» Activity:
A faithful transcript of all the lines below, with no pictures, is the goal here.

» Data provided:
* * * *

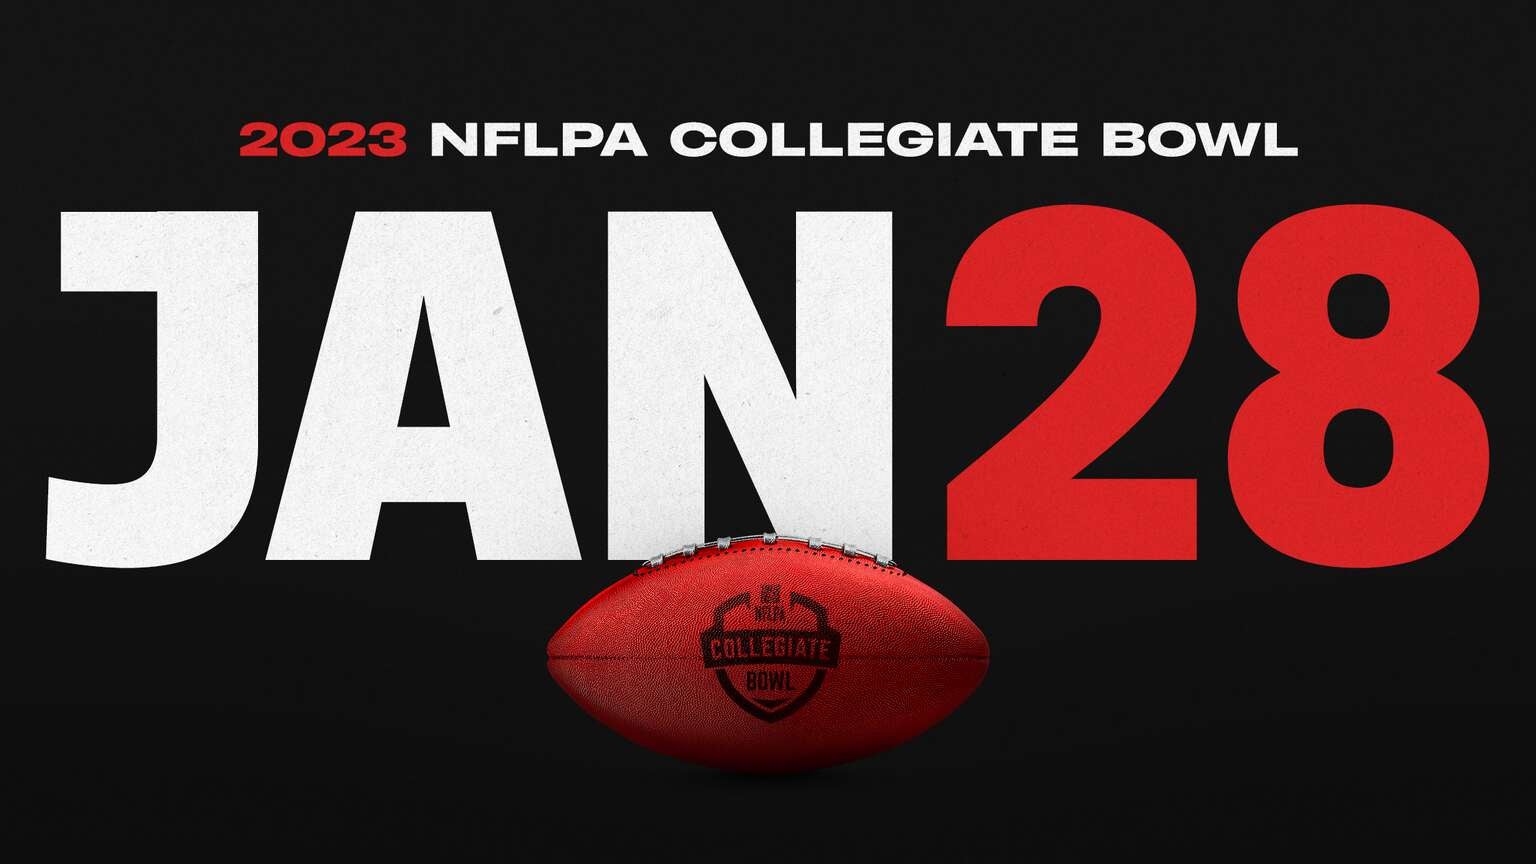 How to Watch 2023 NFLPA Collegiate Bowl Live Online Without Cable The
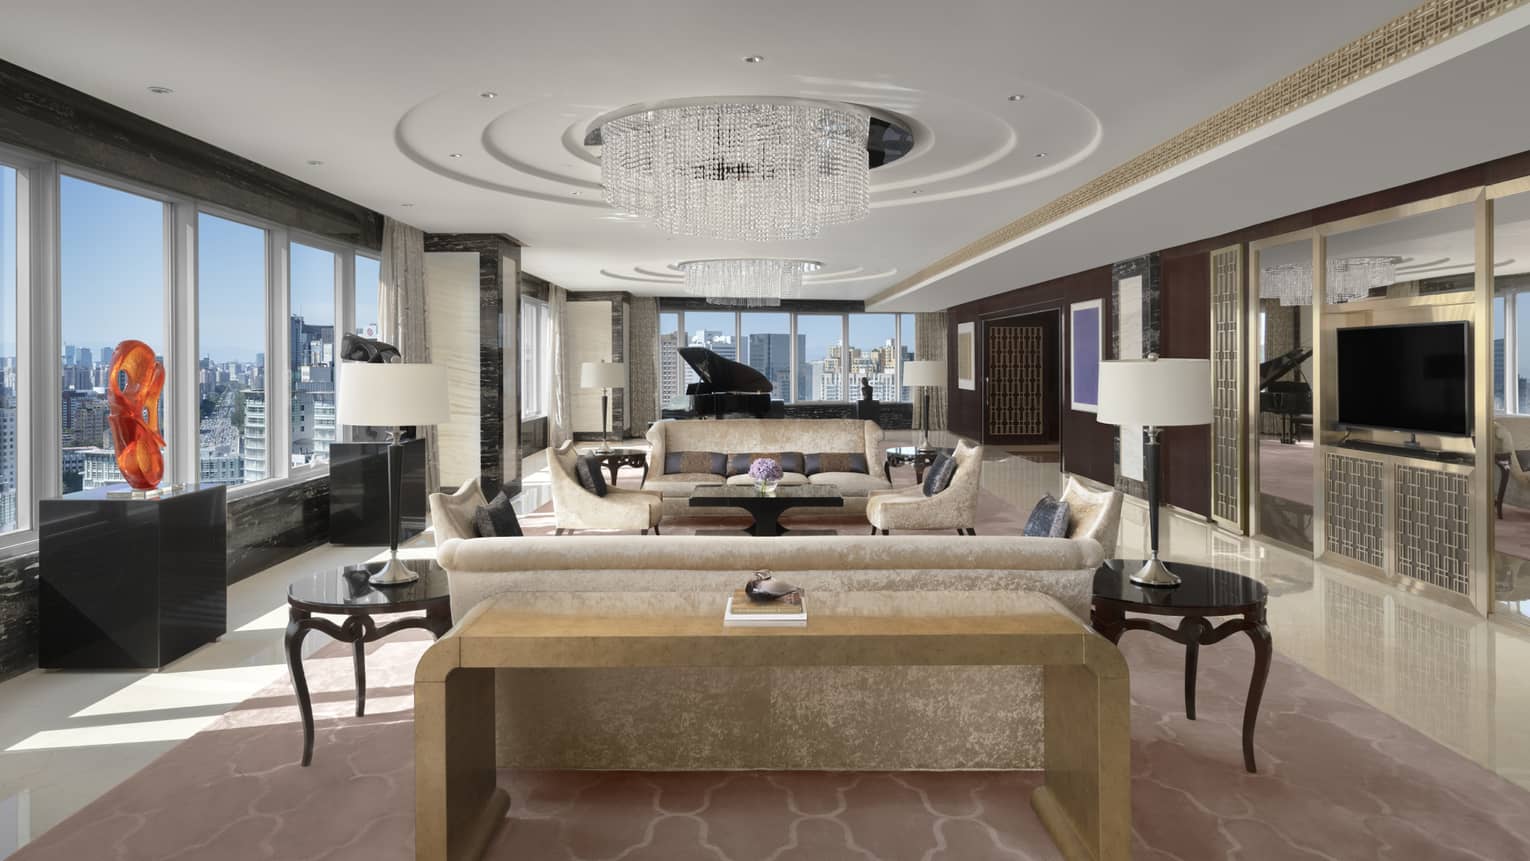 Lavish living room with circular chandelier, two sofas, red sculpture on display, walls of windows
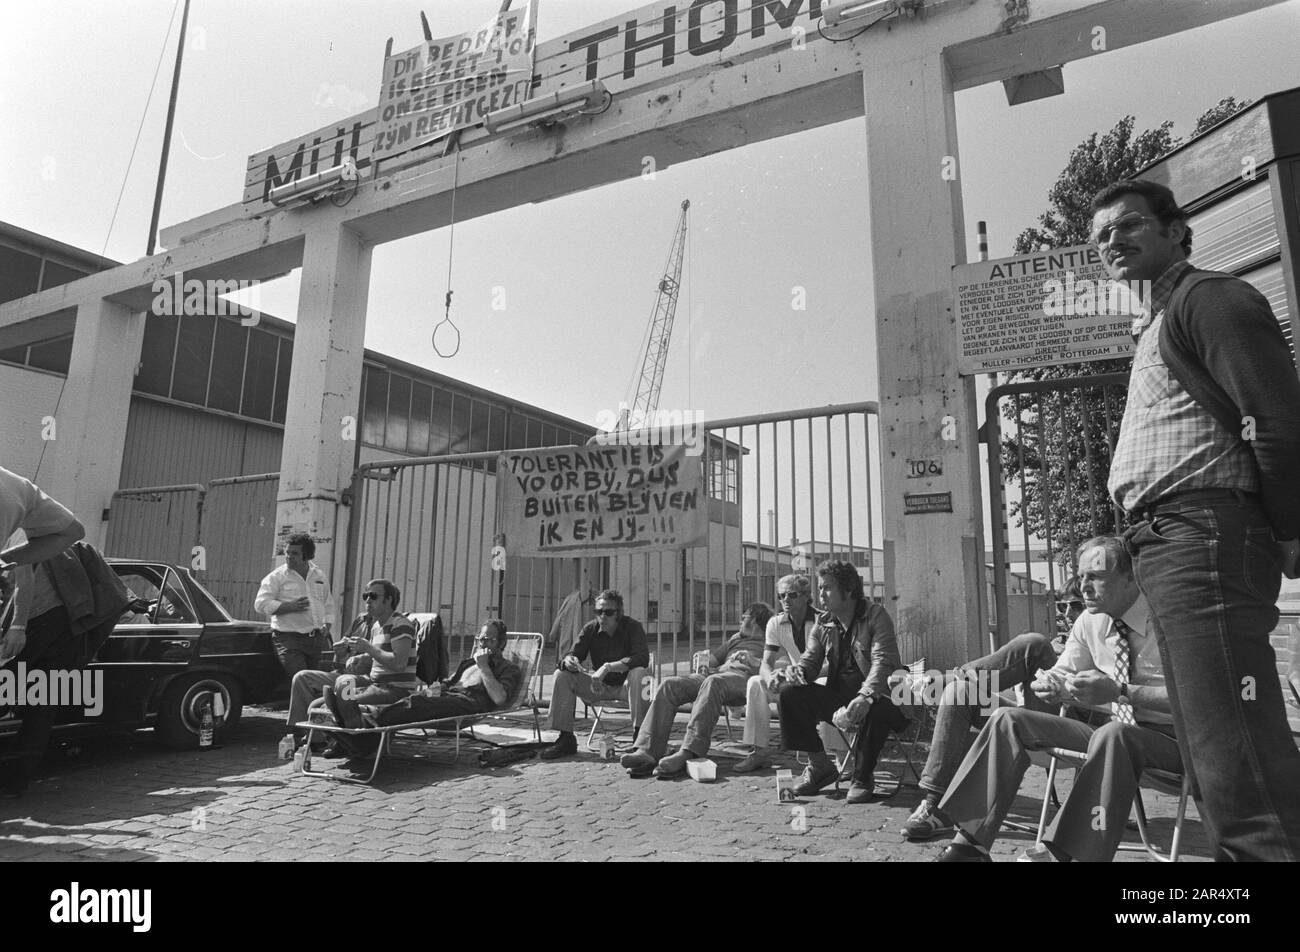 Havenstaking Rotterdam 1979  Fouragering of posting strikers; banner: Tolerance is over so stay outside me and you Date: September 6, 1979 Location: Rotterdam, Zuid-Holland Keywords: employment conditions, companies, occupations, port staff, ports, banners, strikes, food supply Stock Photo

* * * *

» Answer box:
 How to Watch 2023 NFLPA Collegiate Bowl Live Online Without Cable The
 Lavish living room with circular chandelier, two sofas, red sculpture on display, walls of windows
 Havenstaking Rotterdam 1979  Fouragering of posting strikers; banner: Tolerance is over so stay outside me and you Date: September 6, 1979 Location: Rotterdam, Zuid-Holland Keywords: employment conditions, companies, occupations, port staff, ports, banners, strikes, food supply Stock Photo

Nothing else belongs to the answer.